In another show of both his “moderate” and somewhat opposing “conservative” sides, Hendel made moves that can be seen from opposite directions.

When it came to a final ruling regarding the government’s policy to convince African migrants to leave the country, he voted with the majority 9-0 to strike the policy down as too draconian.

High Court of Justice Neal Hendel on Wednesday rejected a request from a group of human rights organizations to freeze the state’s new migrants policy until the court decides on their petition, which seeks to strike down the policy.

But earlier in the litigation, ruling alone on the issue (as often occurs for requests for interim freeze orders), he rejected a request for a temporary freeze of the policy.

He said that since the Knesset had crafted a complex new legislative scheme to handle the issue, it would be improper to freeze the policy without a full hearing.

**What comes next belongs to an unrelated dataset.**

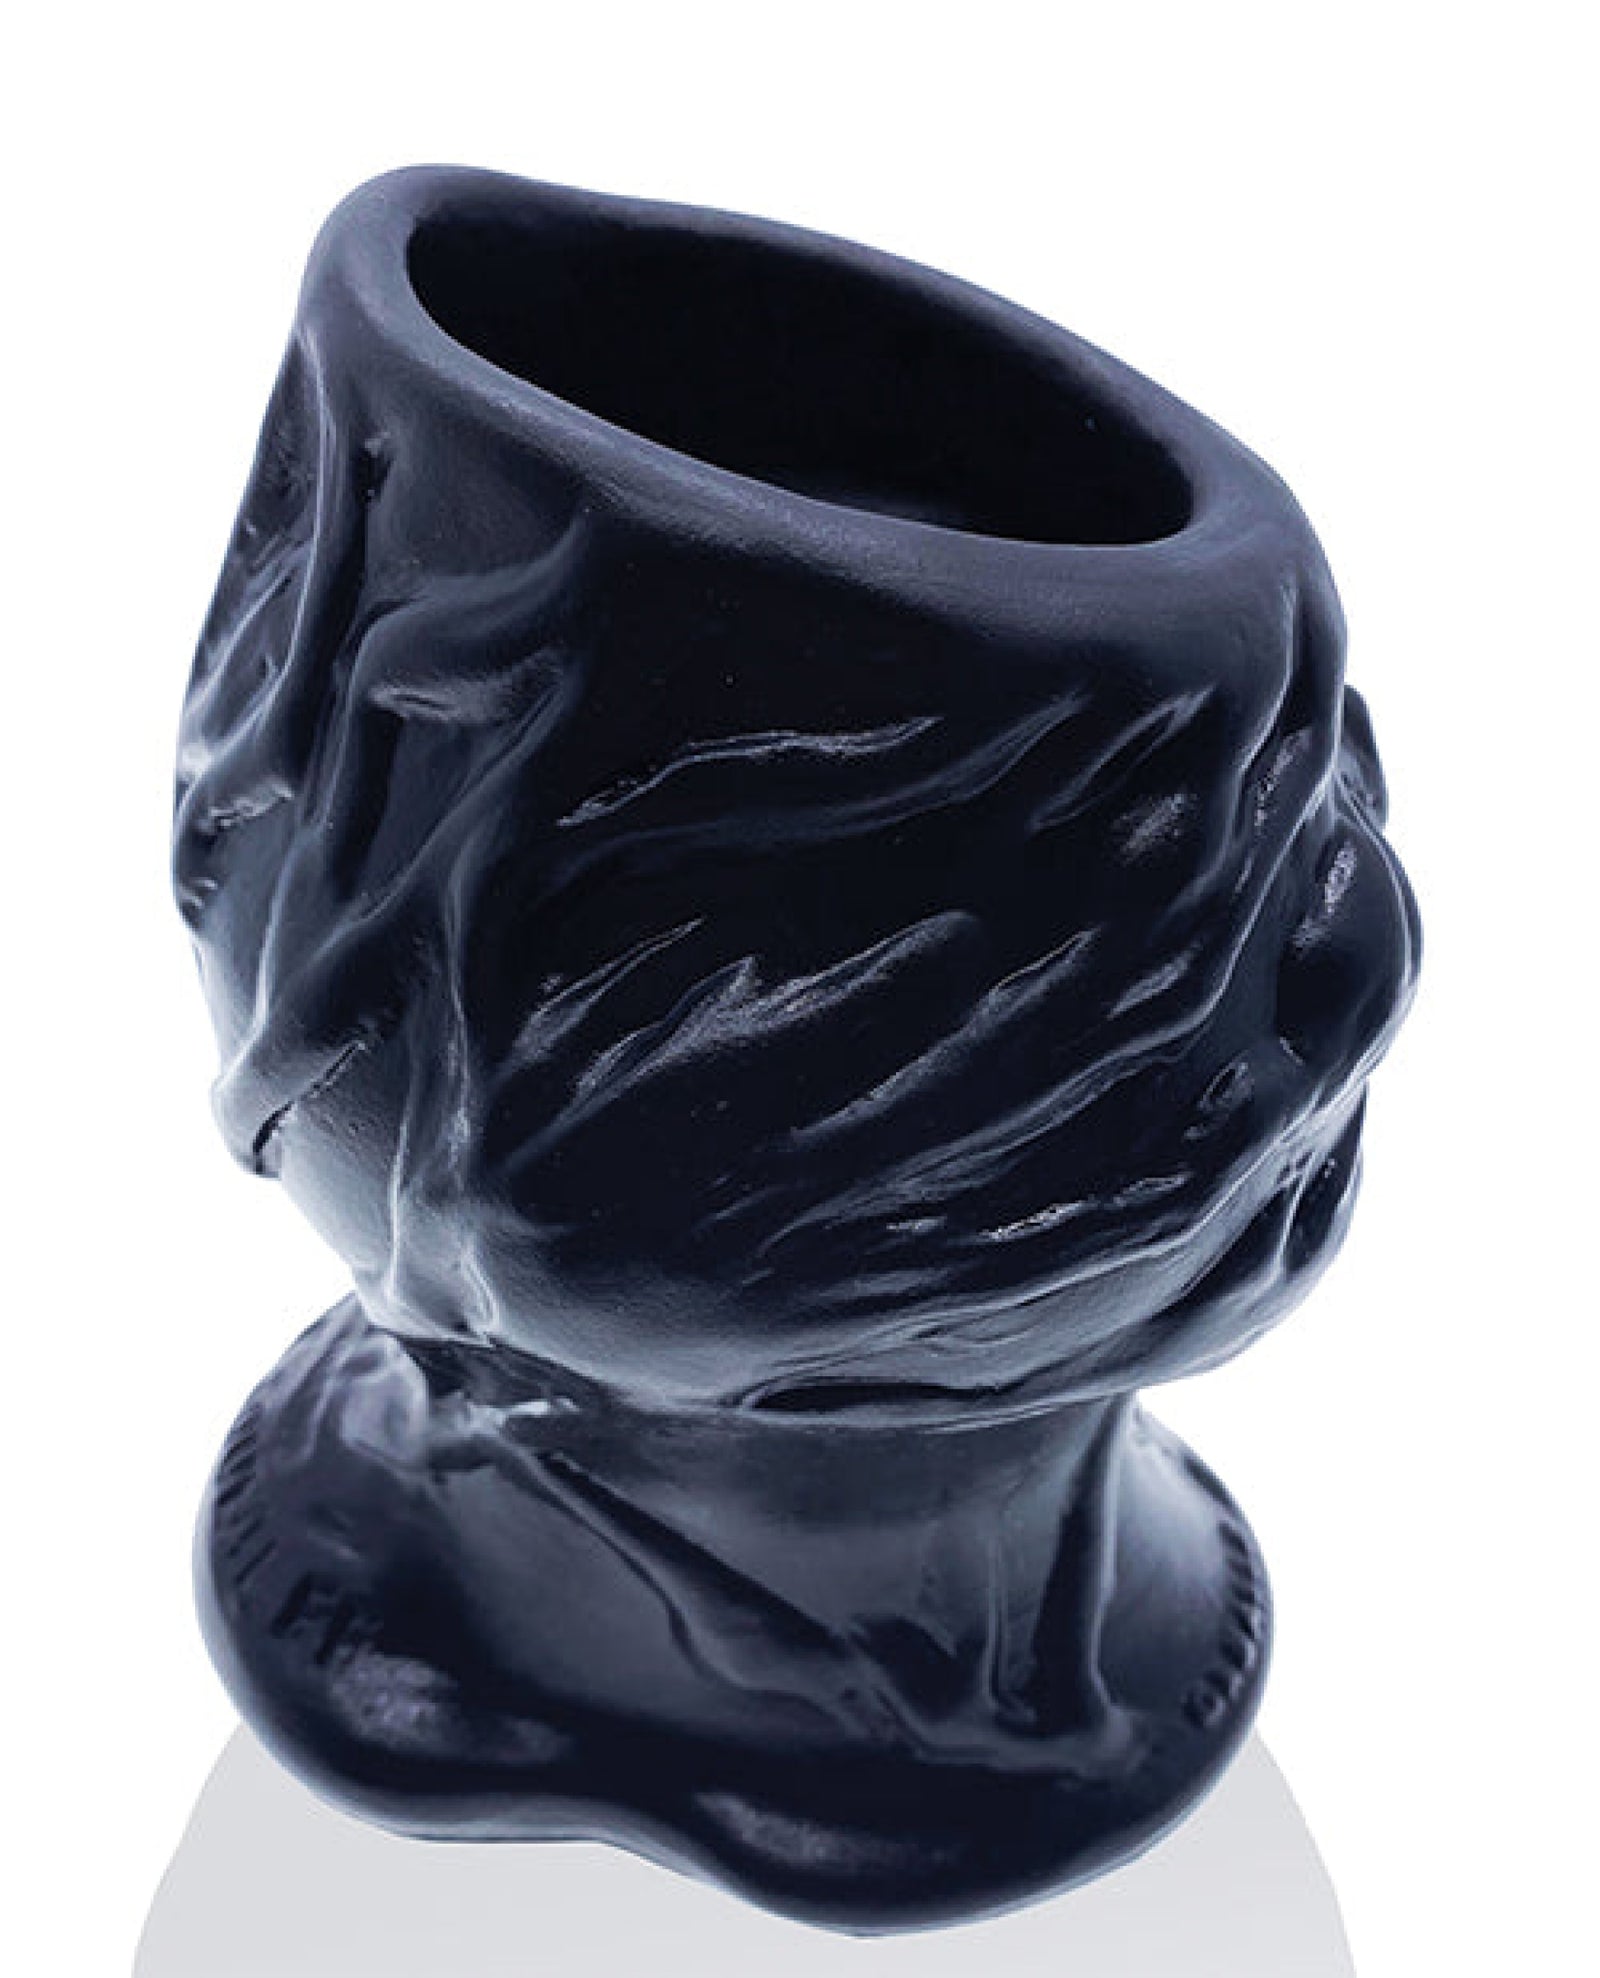 Oxballs Pighole Squeal Ff Hollow Plug - Black Hunky Junk

Coming from the American legal tradition of strong free speech principles, Hendel has been more of a liberal in free speech disputes.

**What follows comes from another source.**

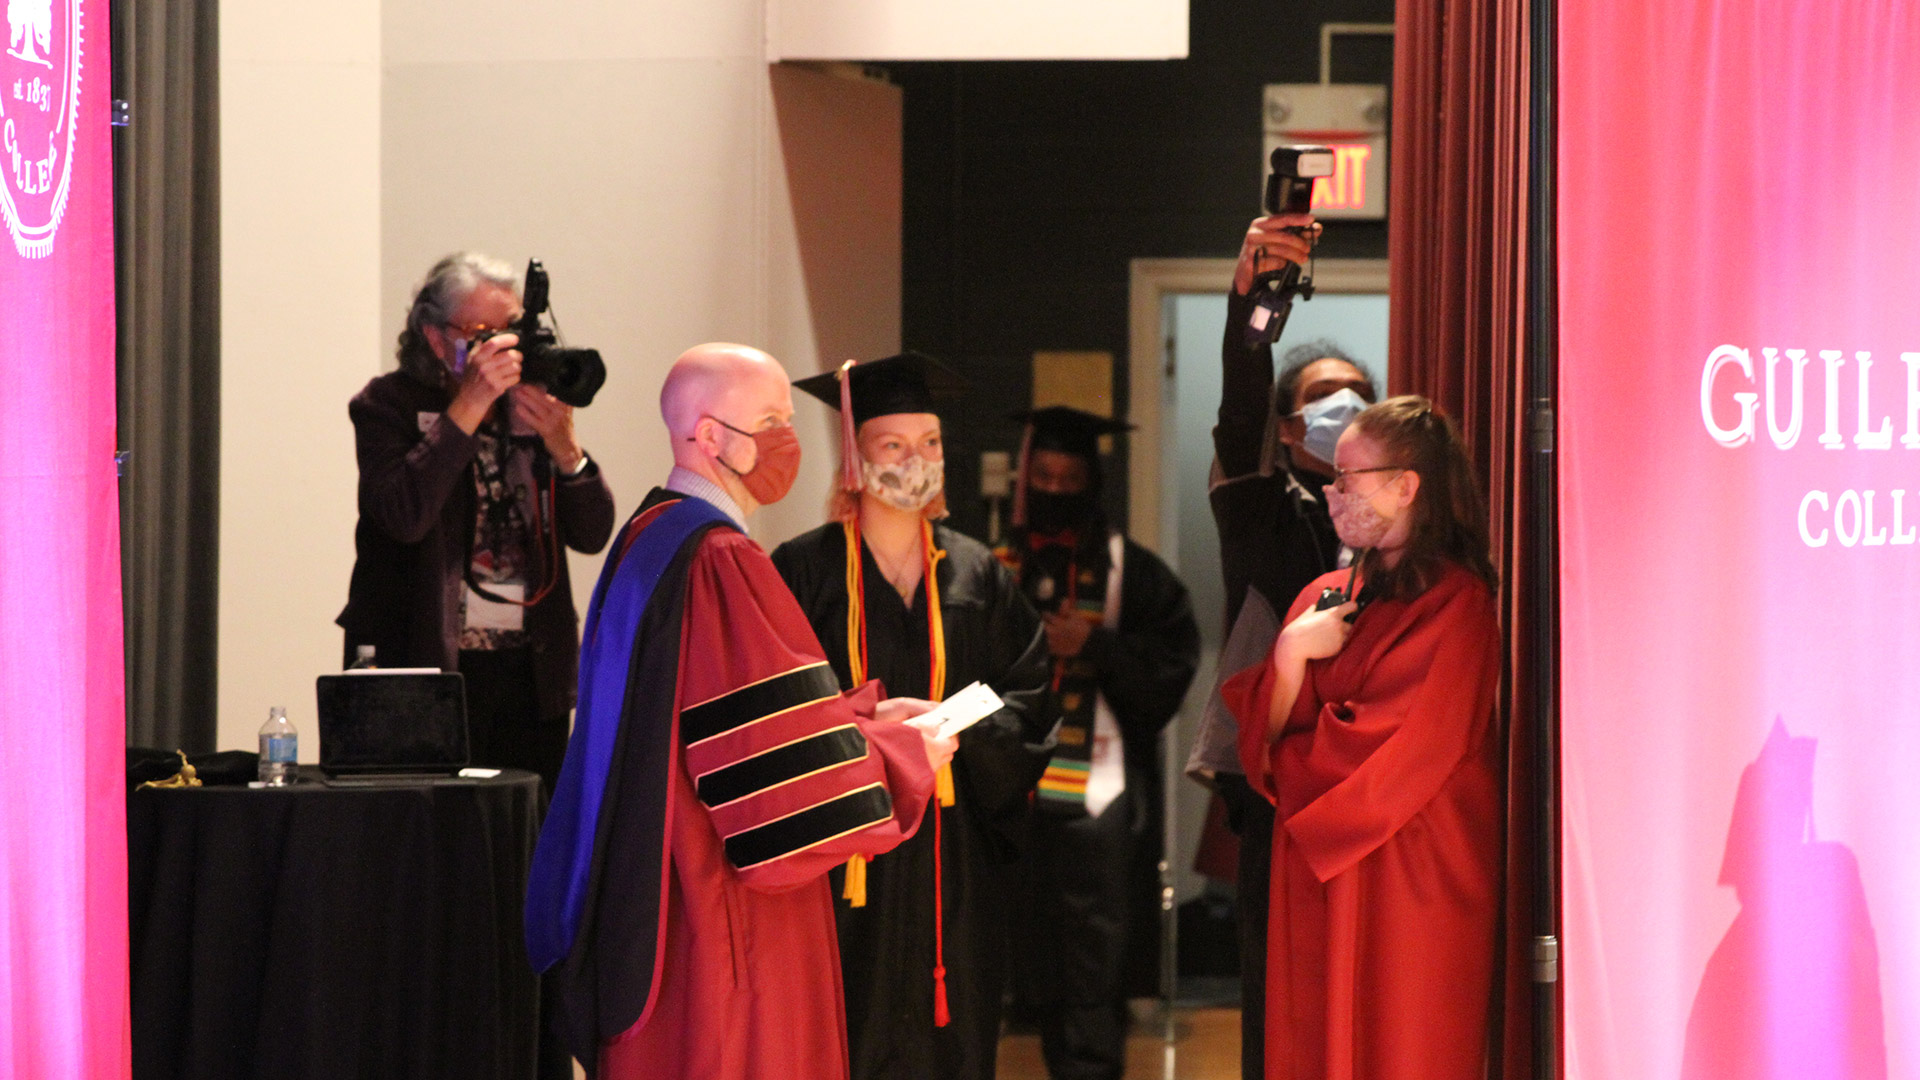 Students and faculty wait backstage as graduates stand in line waiting for their names to be called.

In 2015, Hendel ruled in the majority against the University of Haifa limiting protests during the 2008-9 Gaza War, the 2010 Mavi Marmara flotilla, the 2012 Gaza War and during other major events of tension.

During a hearing, Hendel and the other justices strongly pushed the school, stating that no other university had the blanket power to ban protests for an indefinite period, with some limiting bans to a maximum of 30 days.

Hendel has also issued many defendant-friendly rulings, acquitting a variety of defendants or voting in the minority to acquit defendants whom the majority convicted.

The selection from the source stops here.